### SOURCE DATA
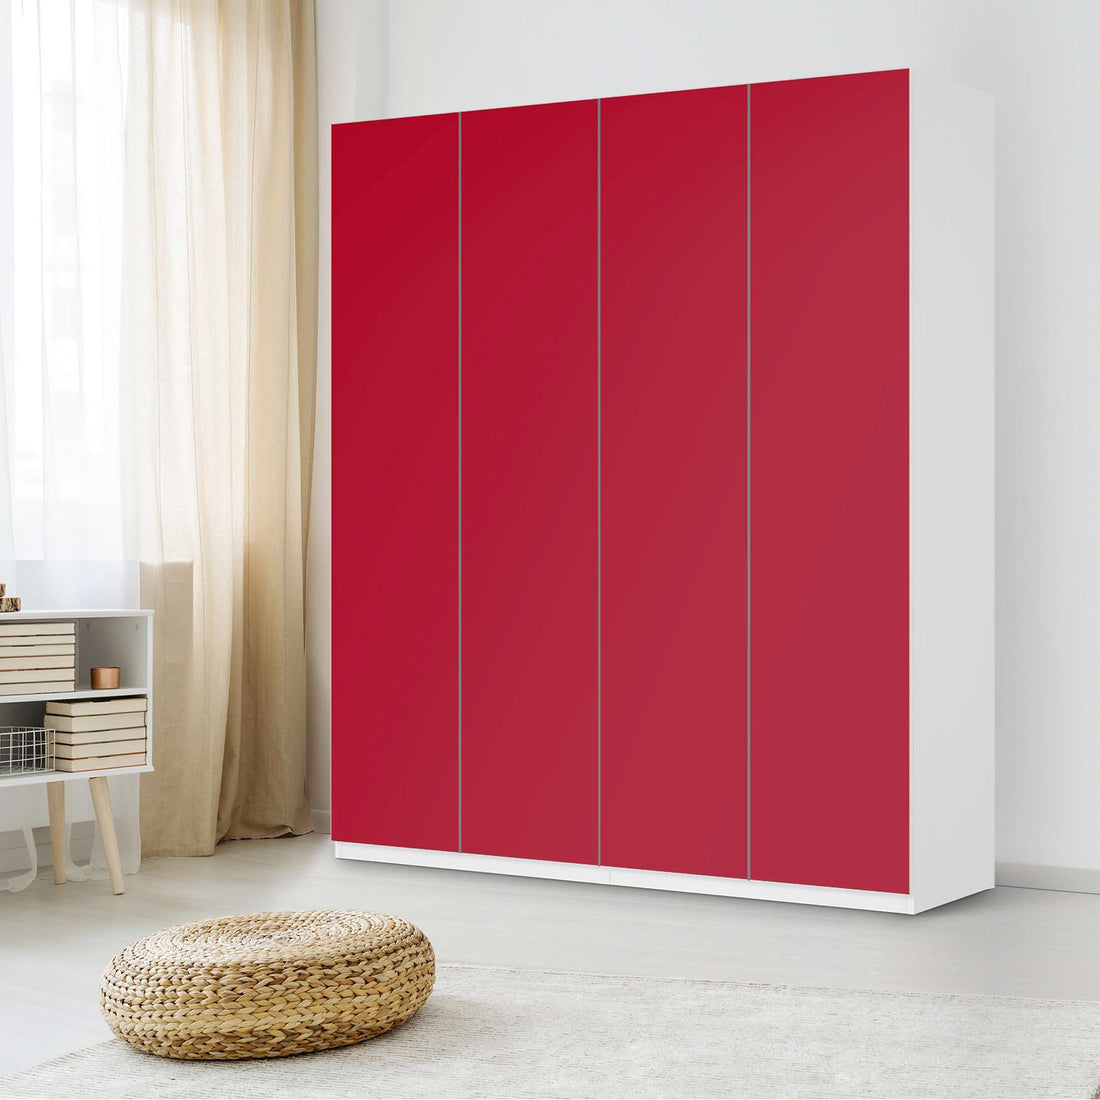 Möbelfolie Rot Dark - IKEA Pax Schrank 236 cm Höhe - 4 Türen - Schlafzimmer
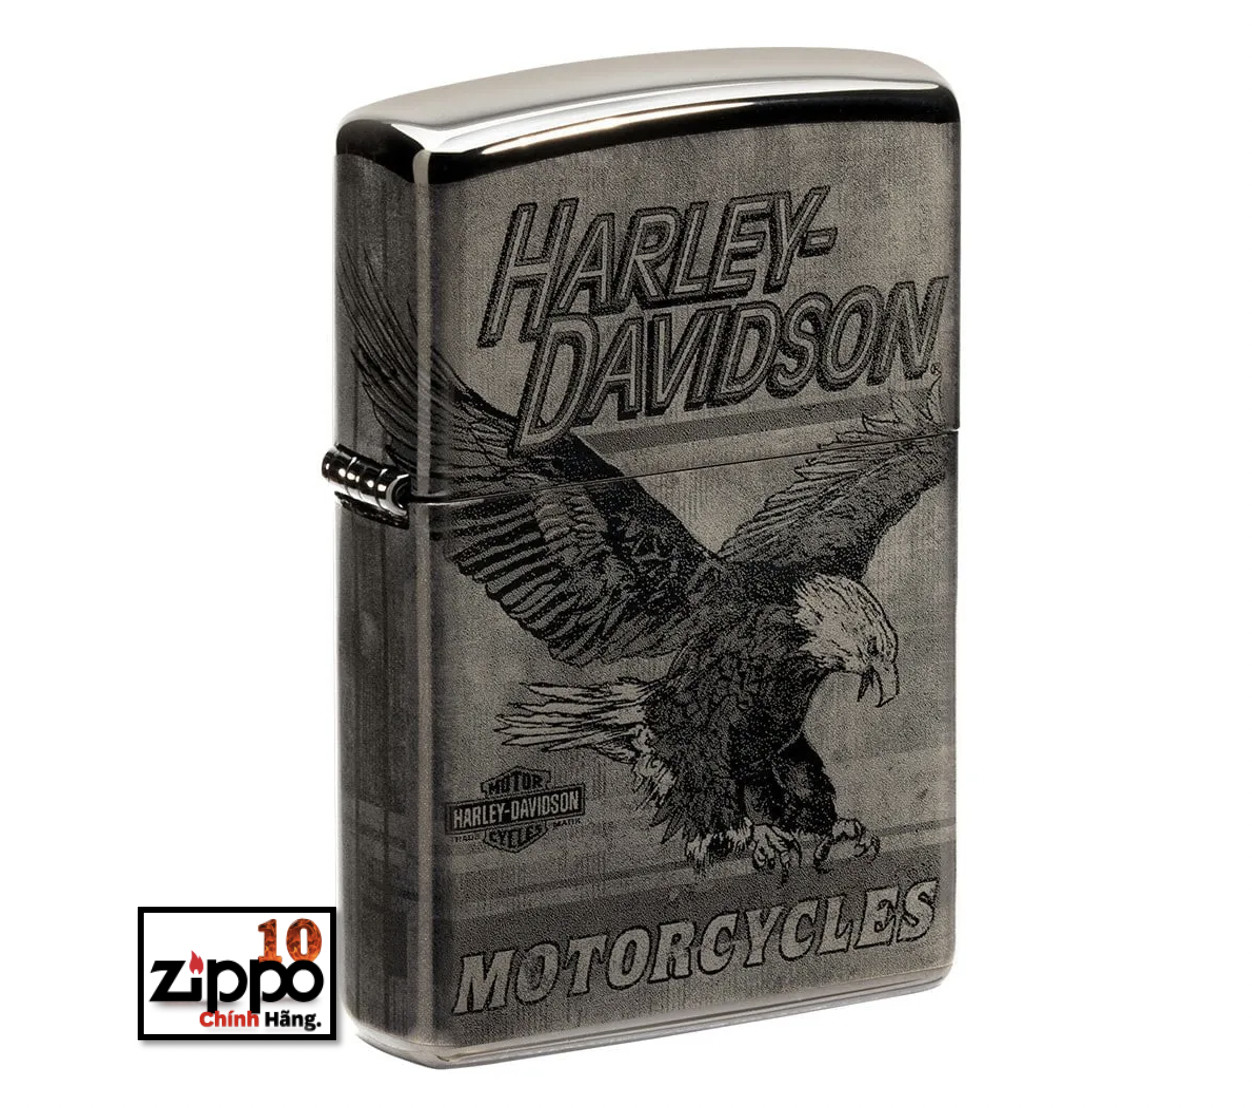 Bật lửa Zippo Harley-Davidson Eagle Photo Image 360° High Polish Black sku: 48360 - Chính hãng 100%
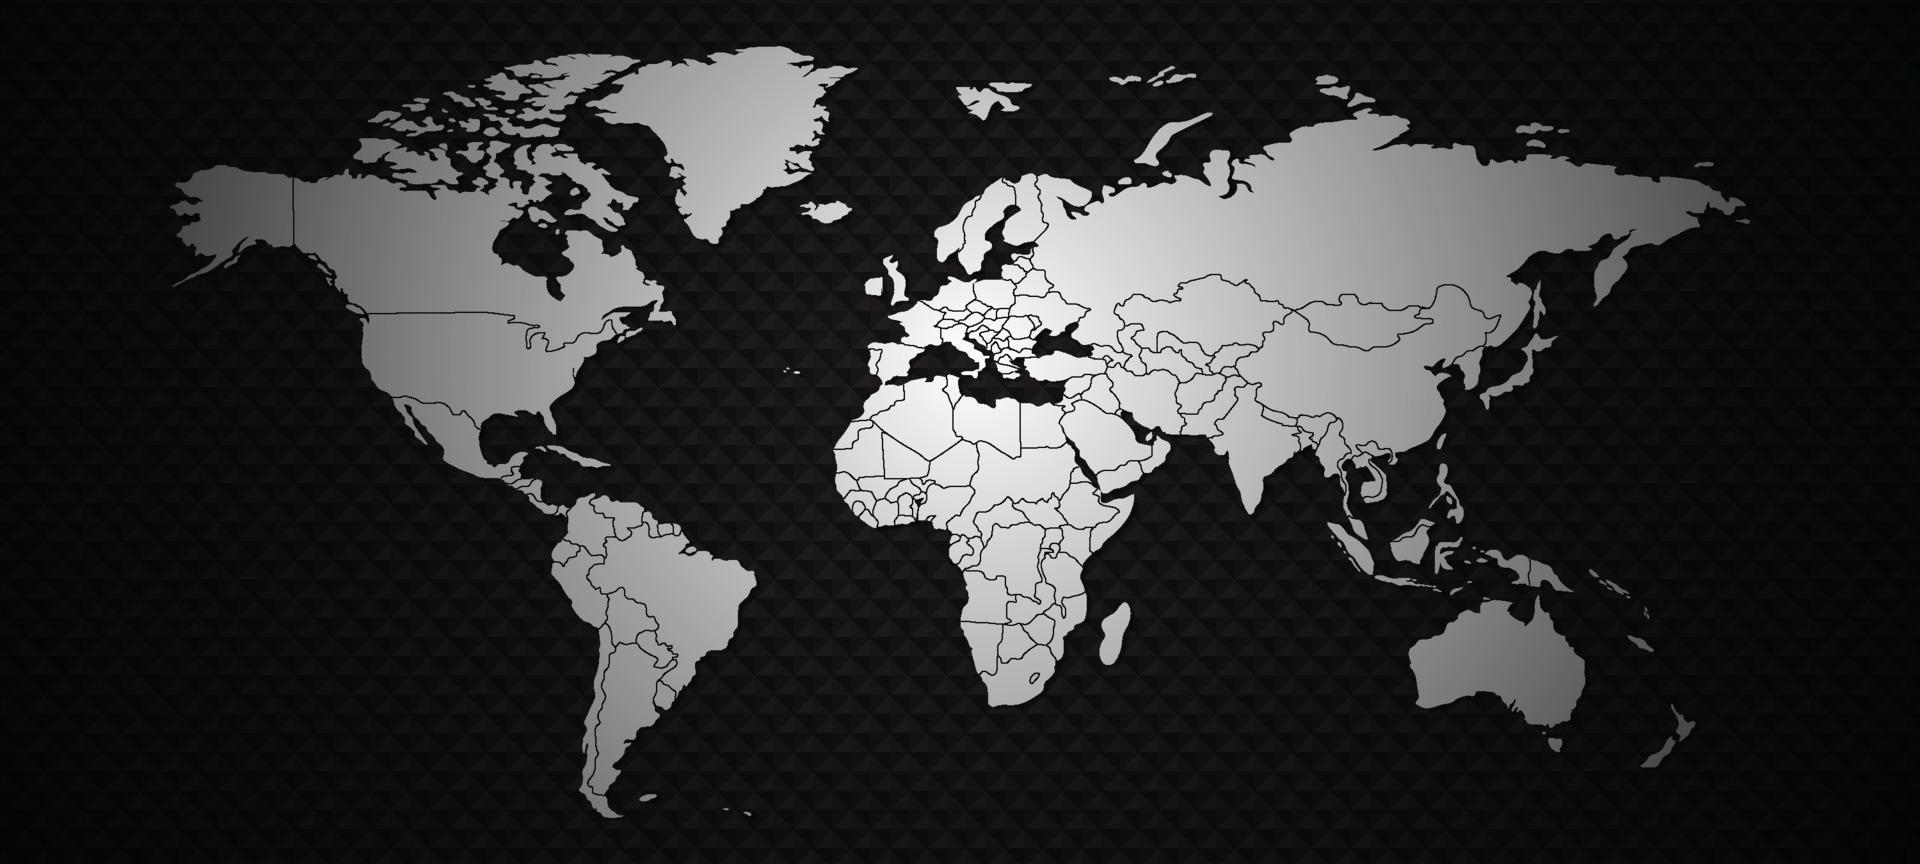 mapa del mundo en blanco y negro vector

### EXERCISE
Repeat every line of the data above exactly, but drop the pictures.

### RESPONSE BELOW
 Möbelfolie Rot Dark - IKEA Pax Schrank 236 cm Höhe - 4 Türen - Schlafzimmer
 Bật lửa Zippo Harley-Davidson Eagle Photo Image 360° High Polish Black sku: 48360 - Chính hãng 100%
 mapa del mundo en blanco y negro vector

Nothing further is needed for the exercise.